“You love me.”
I stare at him for a few seconds, realizing that I don’t love him. I care about him as much as a person who cares about nothing can, but that’s the extent. We established the ground rules from the beginning—no attachments, our careers come first, don’t get in each other’s way.
“I’ll be in touch.” I avoid his eyes and step on the gas, forcing him to step back from the truck. I don’t even look in the rearview mirror as I pull away.
I hit the road, grateful for the one thing my dad gave me besides my blue eyes that earned me my middle name—my truck. It’s small, only two seats, but it has four-wheel-drive and even though it’s the color of baby shit—the dealership calls it champagne—it’s been the most reliable thing in my life.
The highway stretches out before me, and talk radio blares static through my speakers. I punch off the obnoxious noise and force myself to sit in my own silence.
Stupid, stupid, Shyann.
Five years of college for what? I worked my butt off to get where I was, got handed the opportunity that would catapult my career, and killed my chances in a few seconds of live newsfeed. Now there isn’t a broadcast company in this country that will touch me. And I’m broke.
I know better than to let my personal feelings interfere with my work. As much as I regret what I did to end my short career, I can’t say I’d do anything differently. There’s no way I could exploit that young girl’s suffering.
The girl’s mother had a heart defect and the severe beating put too much stress on her heart and killed her. Not a painless death, I’m sure, but at least it was quick.
Unlike my momma’s.
No, she had to suffer for over two years, her body giving up at an agonizing pace, leaving her mind for last so she’d be completely aware of how she was dying. The memories slice through my mind’s eye, my dad holding her limp body, roaring his anger at God.

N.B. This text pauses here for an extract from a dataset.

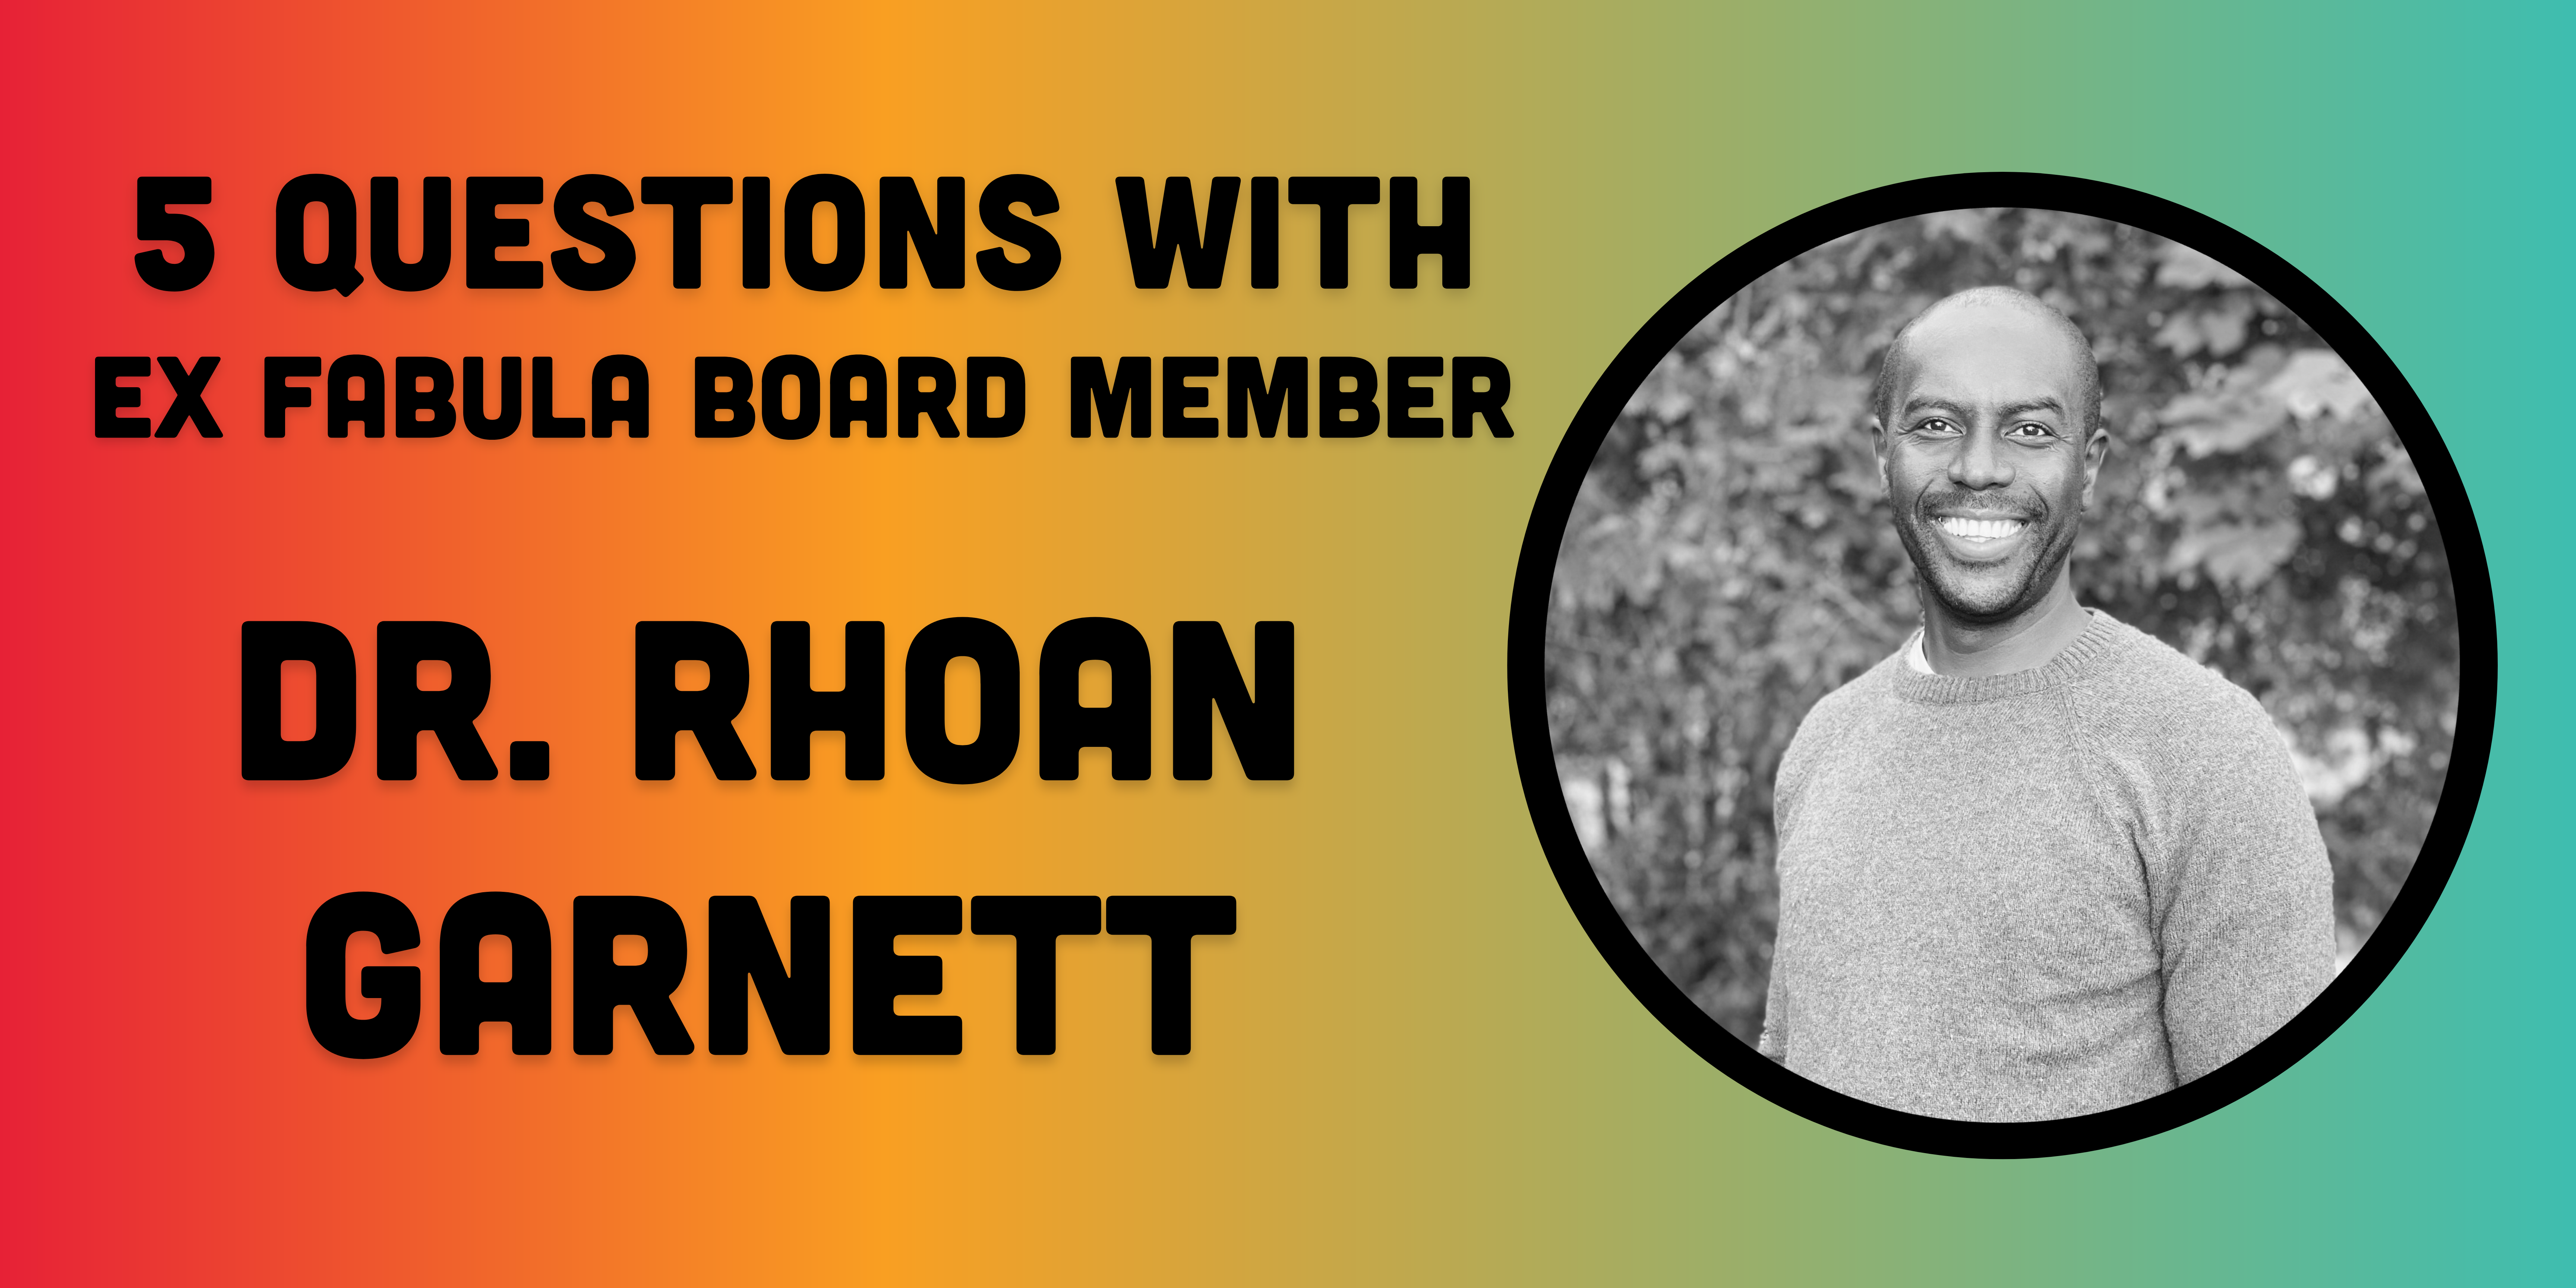 5 questions with Ex Fabula board member Dr. Rhoan Garnett. Black text on rainbow gradient background, black and white headshot of Rhoan on right

It was sitting in that cold church, watching every person in our town filter past me with words they hoped would ease my pain. That was when I decided I’d get out of Payson the second I graduated and never go back. I was angry, starving for a fight. Desperate to have my dad back rather than the empty man with the dead eyes who she left us with. He hated that I was leaving, never understood my need to run, to do all the things I promised my momma I’d do. We fought. Hard. Unforgivable words were exchanged, and we haven’t managed to patch our relationship since.
Now I’m crawling back to beg for mercy, the prodigal child, broke, jobless, and with debt hanging off me like dead weight. If there’s one thing I know for sure, Nash Jennings will never let me live this down.
He might be a proud man, but I’m just as proud. I’ll need time to save money, figure out my options, and the second I do I’m out of there. Yeah, this is my best option.
I’m meant for big things. This is simply a speed bump.
I jerk my head up from my tape measure to see Stilts struggling to secure a rafter to a tie beam.
“Mind helping me out?”
A quick nod and I climb up the ladder, taking two rungs at a time, the red on the middle-aged man’s cheeks getting redder like an alarm that’s about to blare. “Got it.” I hold the beam steady on my end while he levels and secures it into place.
Sweat drips off the tip of his bulbous nose. “Thanks, kid.”
Kid. The word grates along my spine. I’ve lived through more in my twenty-five years than most guys twice my age. Not that he’ll ever know that.
“No problem.” I jump down and head back to working on the partition wall that will eventually be a kitchen. This type of work has always come easy to me. Cuts, angles, levels, everything in construction is a math equation with only one right answer.
Easy, predictable, and safe. At least, safe for me.
Carving is what I love most. Taking a salvaged piece of wood and turning it into something new and beautiful, giving it a new purpose. A different life.
My mind works through the project before me, my hands securing lumber with every pop of a nail gun, but in my head I’m somewhere else. Creating, always imagining. The wood’s grain patterns twist and swirl, inspiring intricate pictures that I try to remember so I can sketch them later. It seems stupid, but even the simplest inanimate objects hold fascination when I look at them long enough. Maybe it’s a vivid imagination or maybe my brain doesn’t work like most.
I peer up at Chris, my foreman, who’s checking my levels. “Thank you, sir.”
He regards me with very little concern, the same passive nonchalance he always does. “Nash is looking for you.” He tilts his head toward what will eventually be the garage of this home, then turns away.